All of the technical credits are outstanding, actually, with kudos especially to production designer Jade Healy and composer Jeff Grace, who really nail down the mise-en-scène in the Connecticut-made production. That’s key for a movie like The House of the Devil, which depends more on a shivery vibe than its fairly simple story to induce shudders. Cash-strapped student Samantha (Jocelin Donahue) takes a lucrative gig babysitting for the Ulmans, a reclusive couple who live in a mansion far from campus (and uncomfortably close to a cemetery). Her best friend, Megan (Greta Gerwig, a veteran of so-called “mumblecore” indies) is skeptical, but Samantha decides that for $400 it’s worth the old college try. That is until things begin to go bump in the night, and one thing leads to another, as a lunar eclipse draws near. Hmmm…could it be…Satan?

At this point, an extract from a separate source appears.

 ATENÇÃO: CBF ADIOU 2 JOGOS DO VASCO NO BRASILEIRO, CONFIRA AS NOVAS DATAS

The House of the Devil benefits from a smoothly orchestrated pace. A big “whammy” occurs unexpectedly, followed by a lot of sleuthing of low-key disturbances as Samantha begins to suspect that the house is not a home. The waiting for something else to happen camouflages the fact that if Samantha had simply stayed put in the living room, stuck to soft drinks and crackers, and passed the time watching Night of the Living Dead on TV nothing would have happened, or at least nothing that she couldn’t have fought off from the get-go. As it is the third-act hullaballoo—pentagrams, rituals, knives, screaming—is a letdown after the buildup, as the banality of 80s-and-after horror enters the atmosphere.

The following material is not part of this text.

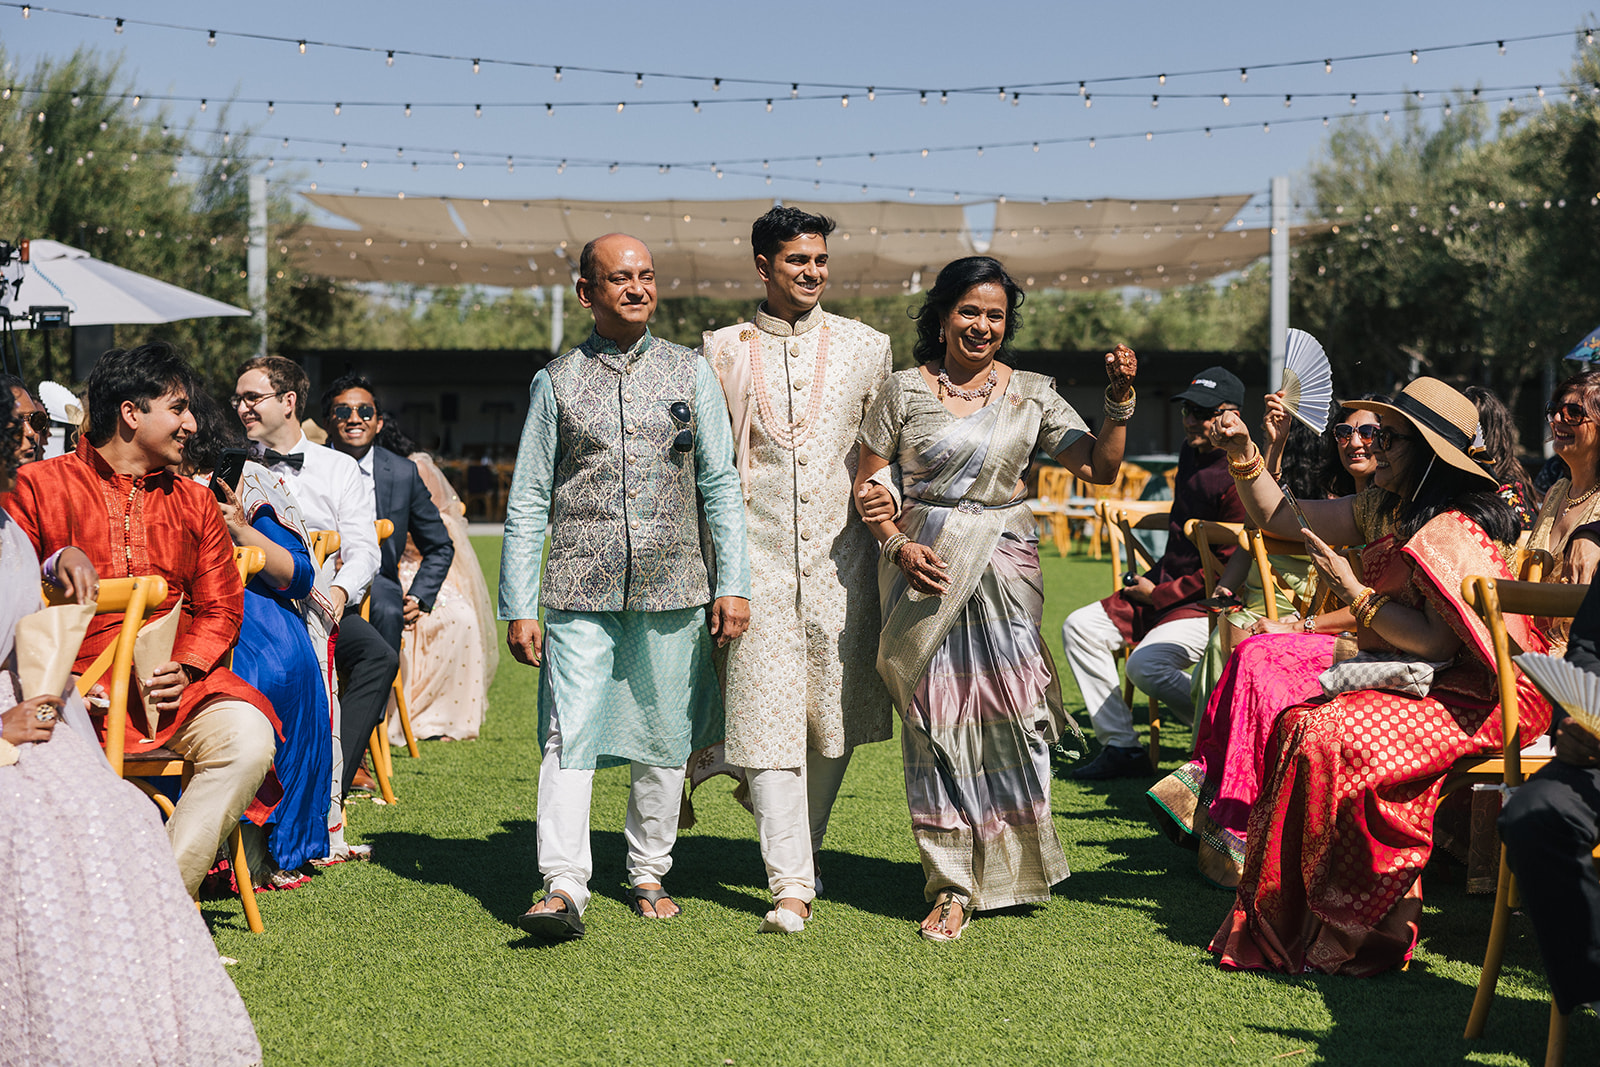 Indian Wedding at Leal Vineyards
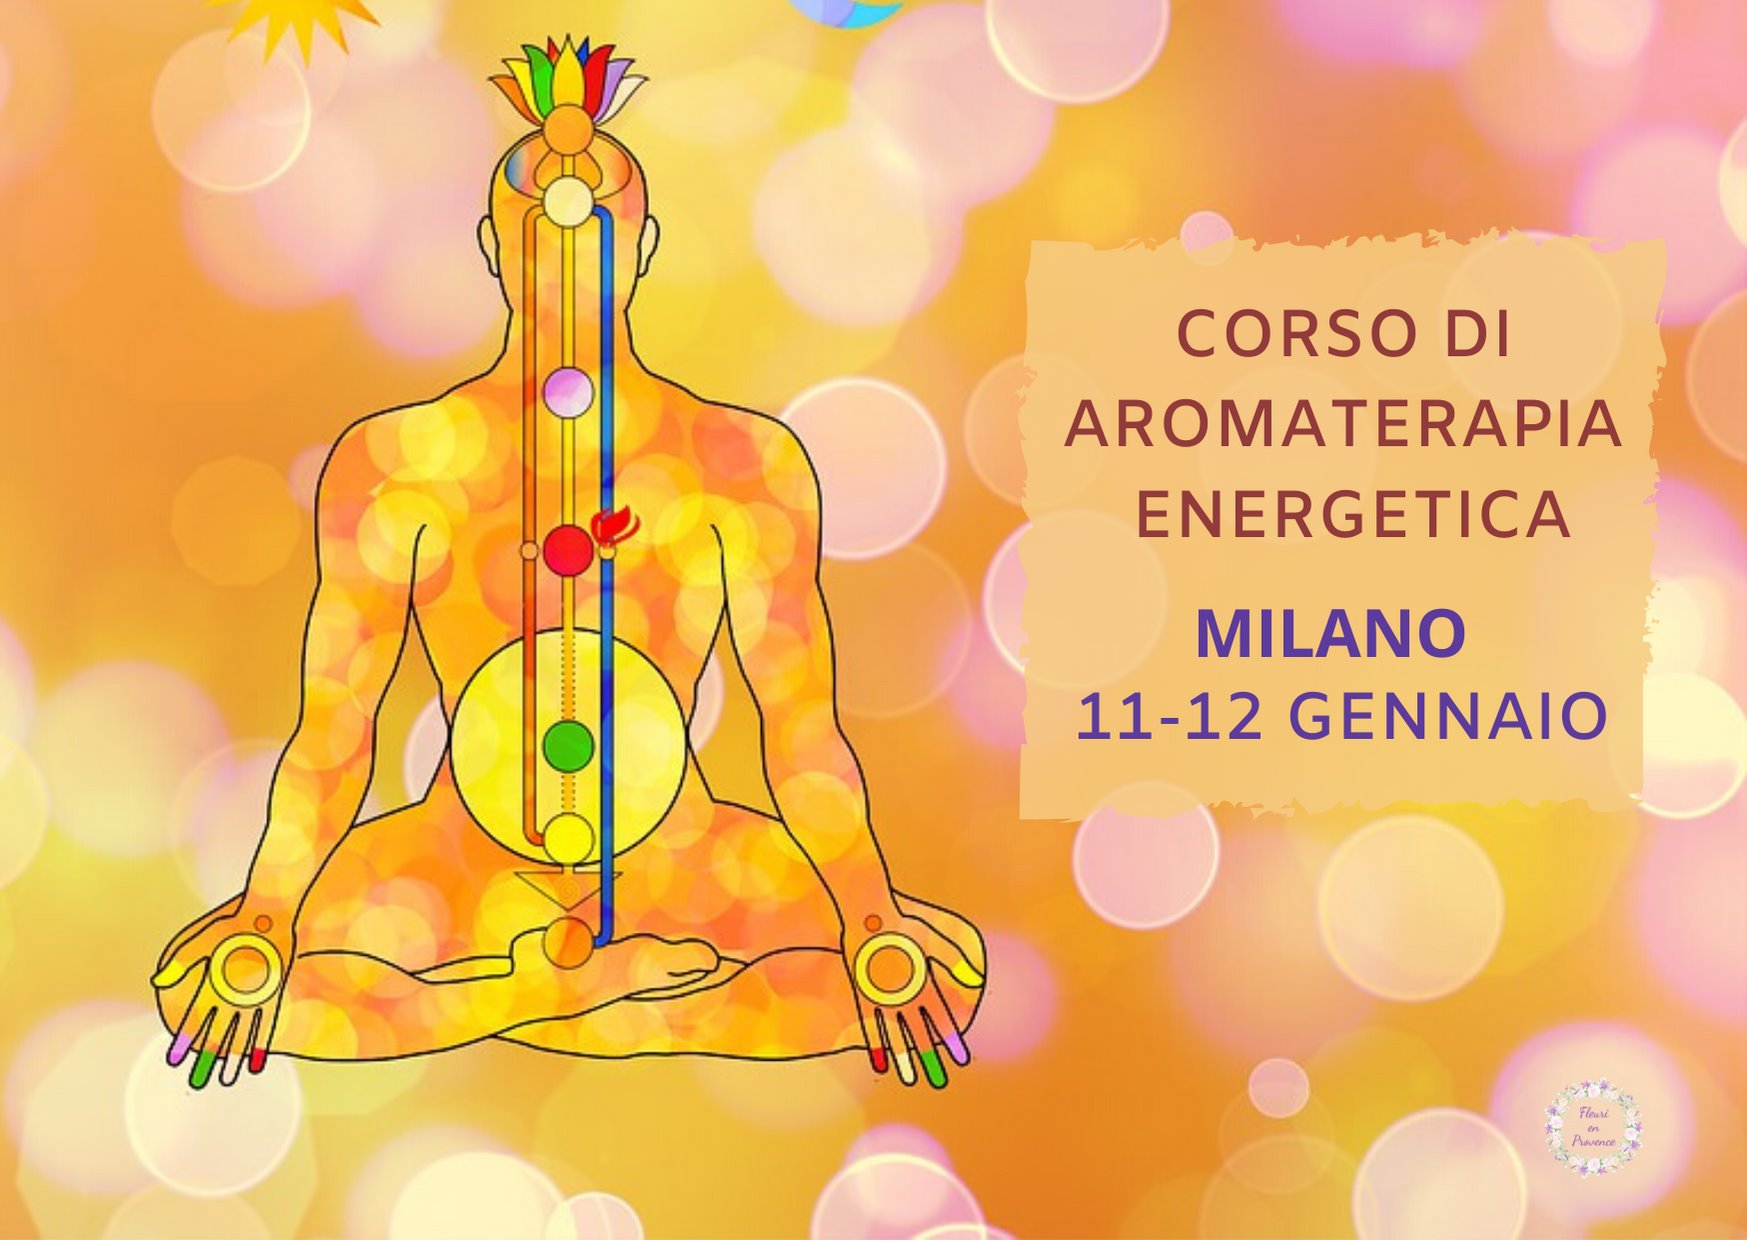 Corso di aromaterapia Milano: aromaterapia e chakra 11-12 gennaio 2020

Still, much of The House of the Devil is a reaction against excess, perhaps that of West’s mangled sequel to Eli Roth’s noxious 2003 hit Cabin Fever (the film was co-produced by Larry Fessenden, maker of some of the more thoughtful chillers of late, including Wendigo and The Last Winter.) Unlike Roth, or Rob Zombie, West makes good use of his iconic castmembers, rather than relegate them to blink-and-you-missed-them cameos. The maternal warmth of Dee Wallace (of The Howling, E.T., and Cujo) as Samantha’s landlady is soon offset by the chill of Tom Noonan and Mary Woronov, as the mysterious Ulmans. The tall, gaunt Noonan, who has established himself as an independent filmmaker and character actor (most recently in Synecdoche, New York), makes a rewarding return to his roots, as the killer in Manhunter (1986) and the Frankenstein monster in The Monster Squad (1987). I love seeing Warhol Factory alum Woronov in anything—her mean principal in 1978’s Rock and Roll High School (“Does your mother know you’re Ramones?”) and the hilarious black comedy Eating Raoul (1982) are gems—but it’s especially gratifying to see her cruel beauty put to good use here. Someone really should cast her and Barbara Steele as sisters.
Available on DVD and Blu-ray and–talk about nostalgia–a VHS/DVD bundle— The House of the Devil (1.85:1 anamorphic widescreen) has a pair of relaxed and informative commentary tracks, with West and the appealing Donahue (reminiscent of Karen Allen) on one and the filmmaker, producers and crewmembers on the other. A making-of, better-off-deleted scenes, interview footage, and the theatrical trailer round out a House that horror fans are advised to visit.